Corners can be carved with total ease, while – with the AWD hardware and alphabet soup of electronic safety aids looking over the TT like a guardian angel – there is ample grip in both wet and dry conditions.
The firmish suspension settings work in concert with the switched on engine, gearbox, steering and brakes, so the driver can get into a zone while stringing together a series of turns and bends, feeling as one with the car.
But the upshot here is some loud absorption properties, accompanied by the occasional hard thud as the dampers quickly reach the limit of their pliancy. It makes for a busy – if not hard – ride on irregular urban roads, but open-road comfort is first class as long as the bitumen remains smooth.

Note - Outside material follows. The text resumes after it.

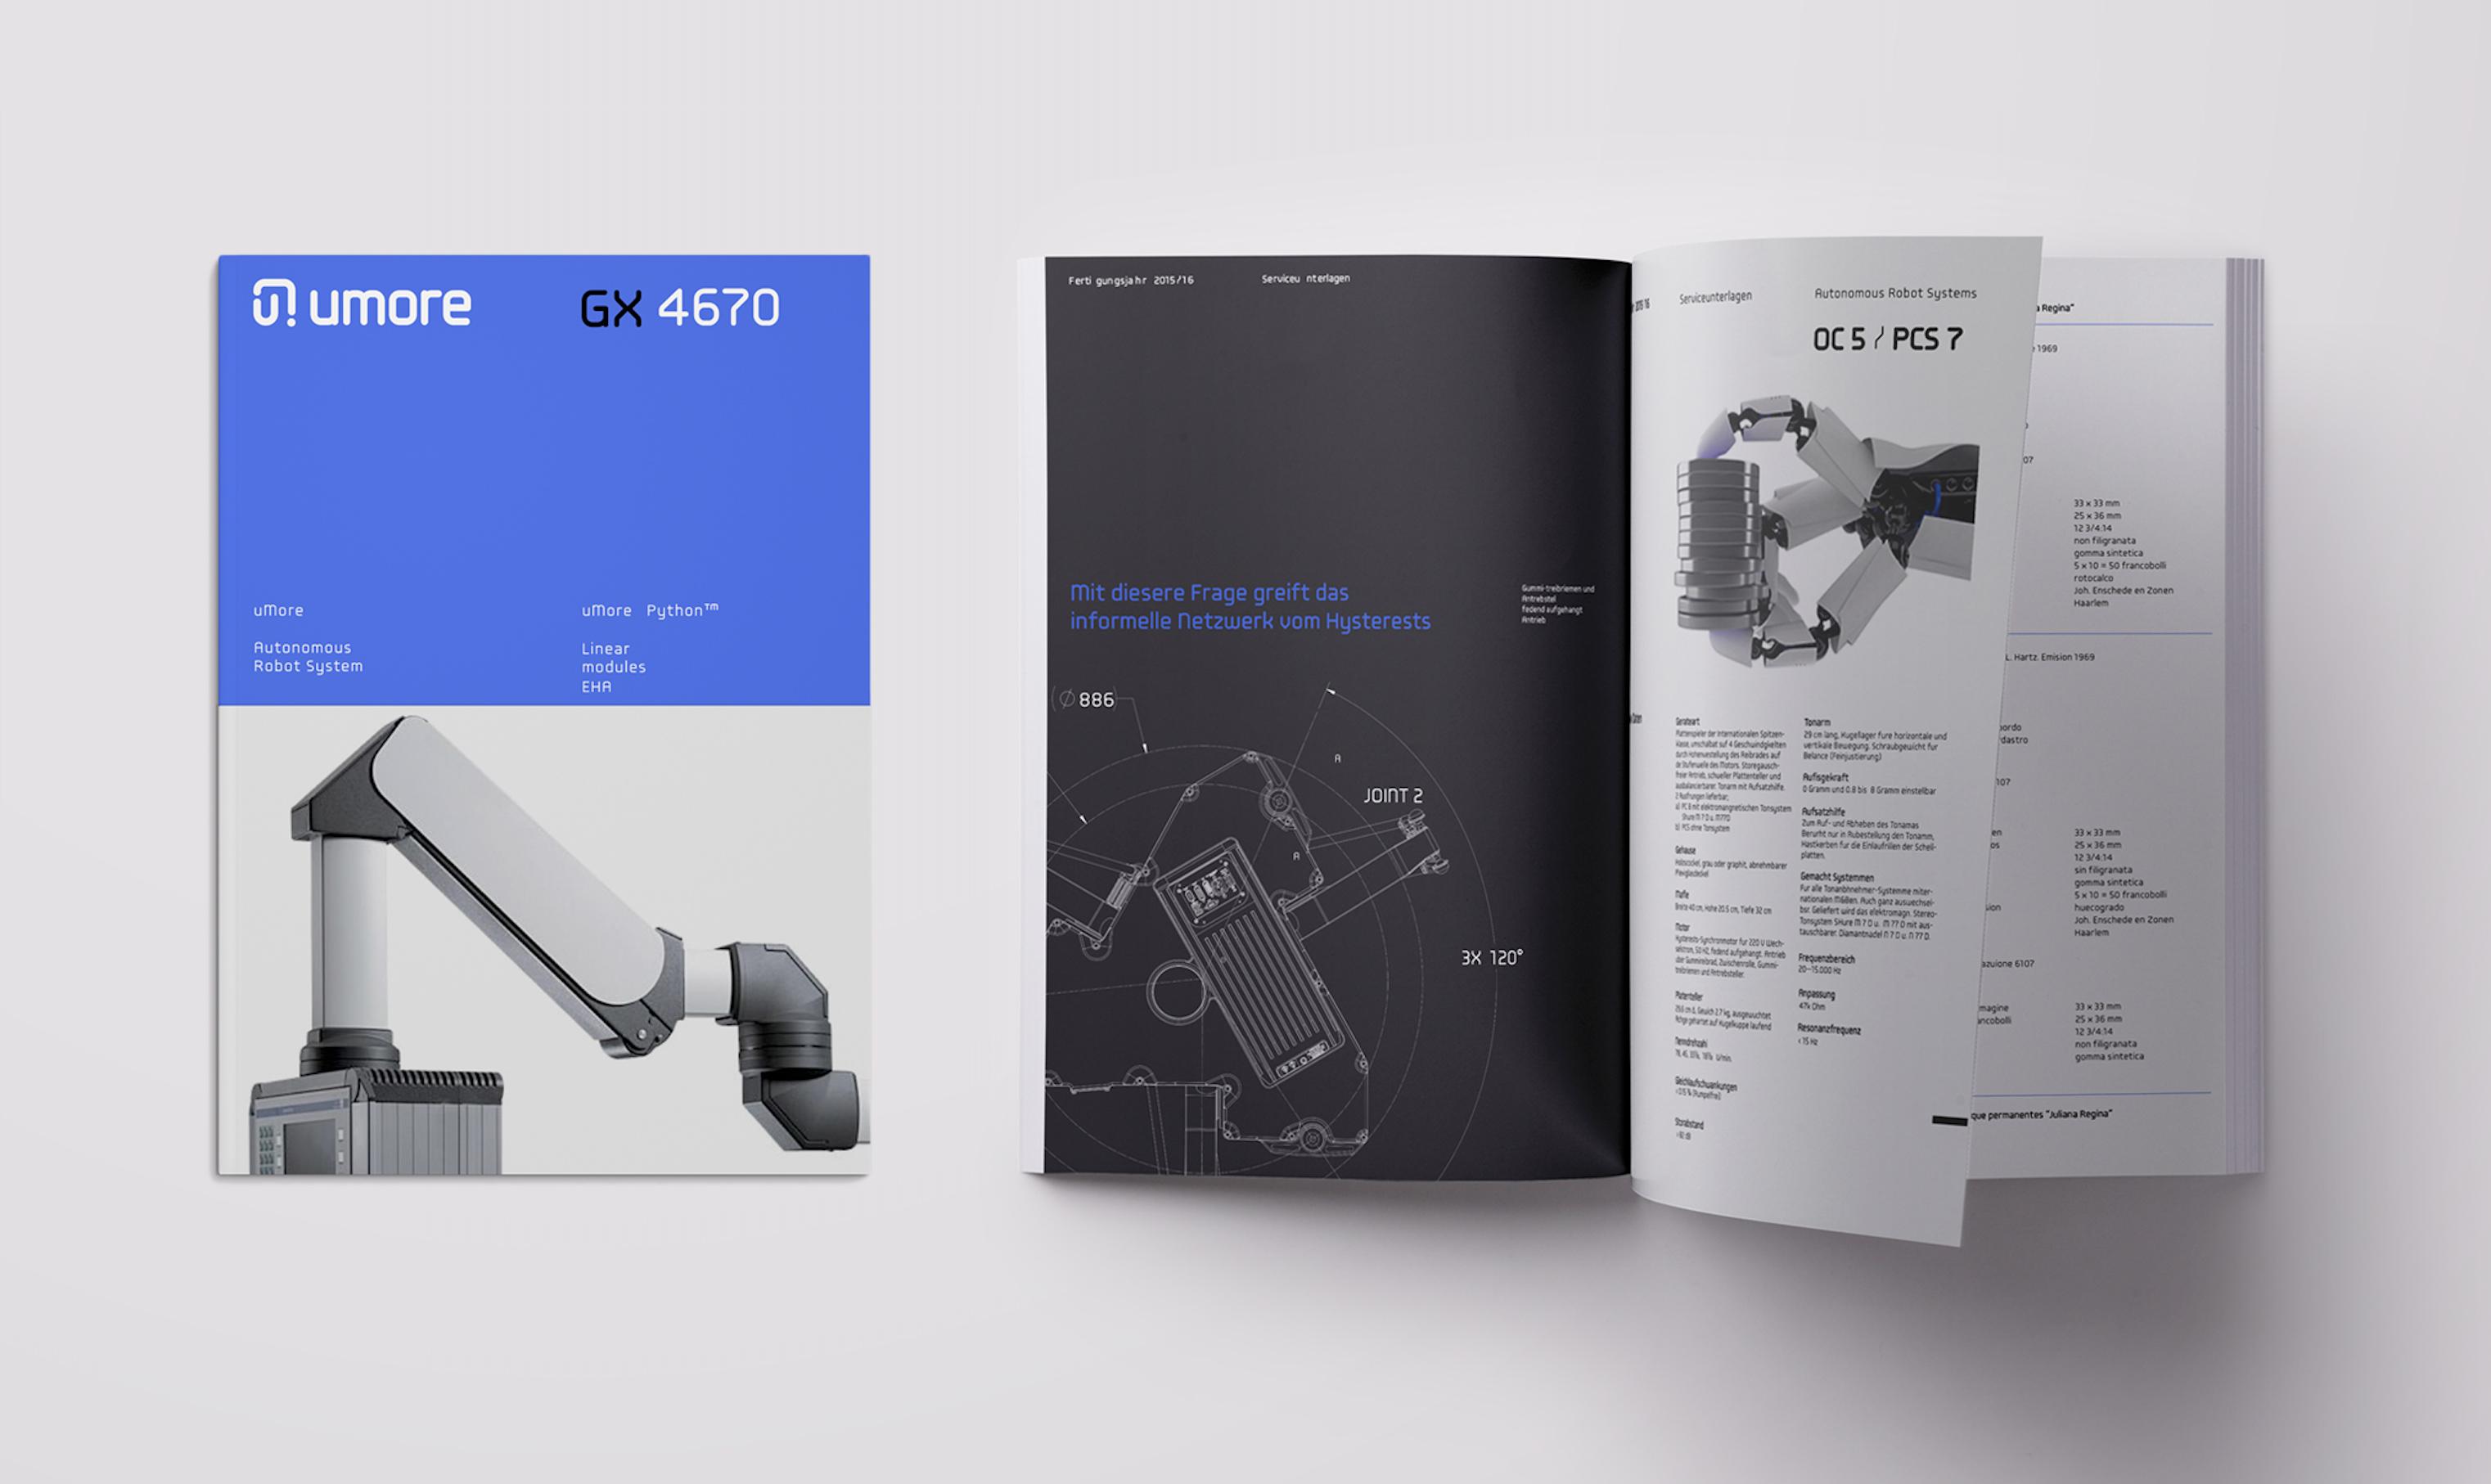 Umore Robotics Brochure By Buro Orangensaft 493271 Freelancer On Guru

Call the TT a sporty GT grand tourer then, with a tightly coiled spring of an engine, the smoothest gearbox in the world – except when sudden on/off/on-again acceleration causes jerky responses – and the sort of all-weather roadholding that conjures up motoring clichés such as ‘leech-like grip’, and you have the 2.0 TFSI quattro in the bag.
Priced from under $80,000, it feels like a somewhat more expensive car, and drives like one too.
If you are only familiar with the earlier but prettier 8N TT, then the latest model’s broad dynamic capabilities should convert you. Not Laurence Olivier (Jaguar SS) or even Robert Downey Jr (DMC Delorean) great, but definitely worthy of the increasingly more talented Brad Pitt.
And the 2.0 TFSI quattro is probably the best ambassador of the whole TT range.